Thursday, July 19, 2007

Patriot Act Troubles............



Why the War on Money-Laundering is Another Lost Cause
I recently received a letter from a company, which manages one of my mutual funds. The letter informed me that the fund is sharply increasing its management fees to cover its compliance costs with the USA PATRIOT Act and related anti-money-laundering legislation.
That letter got me wondering. Do anti-money laundering laws actually benefit us in any material way? Even ignoring concerns about civil liberties eroding away as politicians fight the War on Laundering, it turns out the answer is very little, if anything.
First, a little background: In 2003 (the latest statistics available), U.S. financial institutions spent about US$3 billion on anti-laundering compliance efforts. That figure doesn't include the billions more annually in taxpayer dollars expended to fund investigations and prosecutions of money launderers, investigate "suspicious transactions," etc.
What benefits are we receiving for this expenditure? Very little. The latest statistics from the U.S. Department of Justice - again from 2003 - show that total money-laundering seizures and forfeitures amount to only about US$700 million each year. Moreover, the number of money-laundering related criminal convictions is actually going down.
One might think these figures prove that the War on Laundering has been "won." Hardly. The International Monetary Fund (IMF), estimates the aggregate size of money laundering in the global economy is anywhere from 2%-5% of the world's gross domestic product (GDP).
Applying this figure to the U.S. GDP of US$11 trillion (again, from 2003) generates an estimate of annual laundering activity in the United States between US$220 billion and US$550 billion.

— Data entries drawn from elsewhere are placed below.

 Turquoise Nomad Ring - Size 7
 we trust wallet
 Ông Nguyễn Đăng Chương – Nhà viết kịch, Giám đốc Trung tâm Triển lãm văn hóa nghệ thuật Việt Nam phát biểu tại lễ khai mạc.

This means that in 2003, the Department of Justice seized only 0.3% (US$700 million of US$220 billion) of the funds laundered in the United States.
One reason why the Laundering War has failed is because the way that money laundering is investigated. Leads for money laundering investigations come from "suspicious activities reports" (SARs) submitted by financial institutions to the U.S. Treasury's financial intelligence unit, the Financial Crimes Enforcement Network (FinCEN).
Since 2003, civil and criminal enforcement of SAR reporting rules has greatly intensified. Numerous banks have been fined millions of dollars for not reporting transactions that FinCEN deemed suspicious. Some banks have even set quotas (like parking tickets from traffic cops) for increased numbers of SARs to be filed each reporting period. Not surprisingly, that's led to a huge spike in filings - more than doubling from 2003 to 2006. Financial institutions file more than 1.1 million SARs each year.
However, the overwhelming majority of these reports were for innocent activity. Indeed, of the nearly 700,000 SARs filed in 2004, fewer than 900 were actually passed on to a law enforcement agency for follow-up. In other words, 99.87% of SARs don't lead to a criminal investigation.
What does this analysis tell us? First, it reveals that the War on Laundering is a complete failure, a waste of time and taxpayer money. Second, it reveals that the SAR apparatus set up to fight this "war" is a farce, and totally useless for its intended use. Third, it demonstrates that the government is allocating massive resources to analyze completely innocent financial transactions.